Most people don't realize that there is another waterfall above the big one on Little Stoney Creek. There are two trails to get to it. The Nature Conservancy Trail (off Virginia 714 at the Butt Mountain lookout tower) is a three-mile hike one way.

This trail has a side trail that will take you to the top of Barney's Wall, a rock ledge that overlooks the Little Stoney Creek Gorge and which is seen from the Cascades trail.

You also can pick up the eastern trail head from the upper part of the trail loop at the Cascades. The upper falls are approximately a half mile from the larger falls.

The one way you don't get there is climbing up to the big waterfall and following the creek. Climbing around the falls is strictly prohibited.
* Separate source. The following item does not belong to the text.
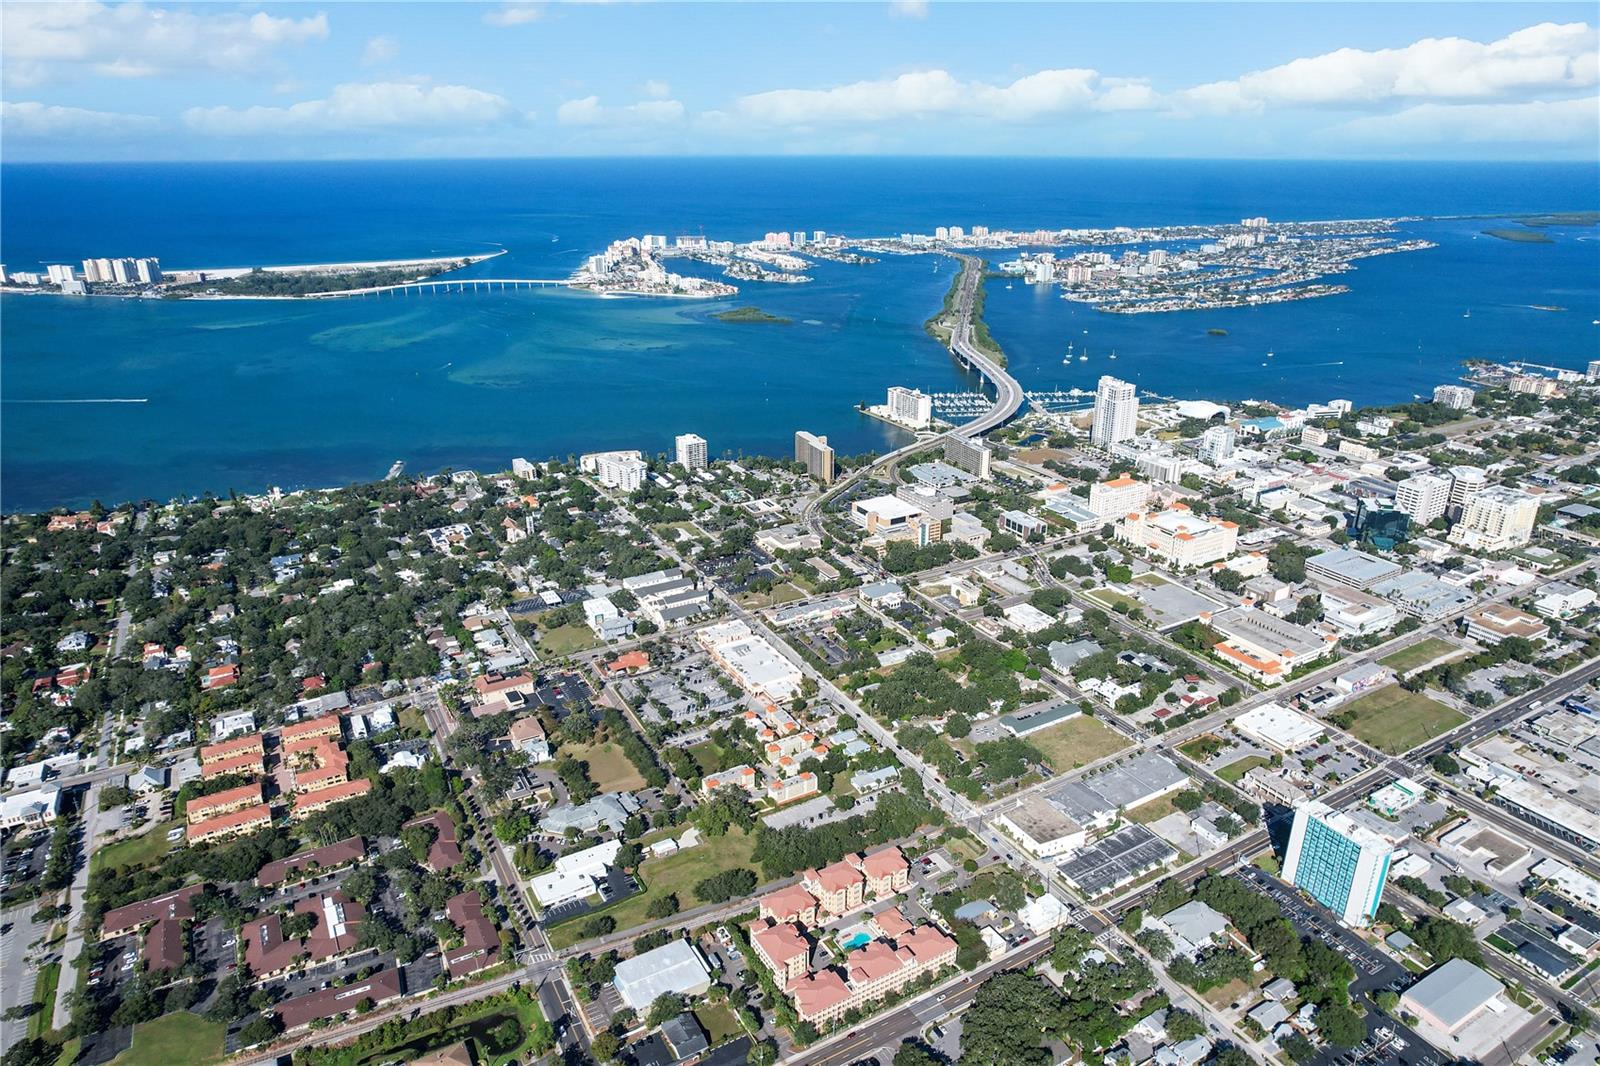 Aerial view of Memorial Causeway leading to Clearwater Beach.

While no one has died from a fall, people who have fallen while climbing around the Cascades have been seriously injured.

Actually, the greater danger is in the picnic area, where bees and hornets can make life miserable for people who are allergic to bee stings.

There is no phone at the picnic spot to call for help. While there are plans to have a telephone installed, people are urged to be cautious and always prepared.

Despite the perils of nature, people keep coming back to the Cascades.

"People just have a close, personal relationship with this area," said Mills.

\ CASCADES RULES\ \ The Cascades Recreation Area is open all year round from dawn to dusk.

\ There are no fees to use the areas.

\ Camping overnight at the Cascades is prohibvited.

\ All dogs must be on a leash.

\ There are 15 picnic sites with tables and grills.

\ Water fountains available May 1-Oct. 1.

\ Flush toilets available May 1-Oct. 1, portable toivlets available rest of the year.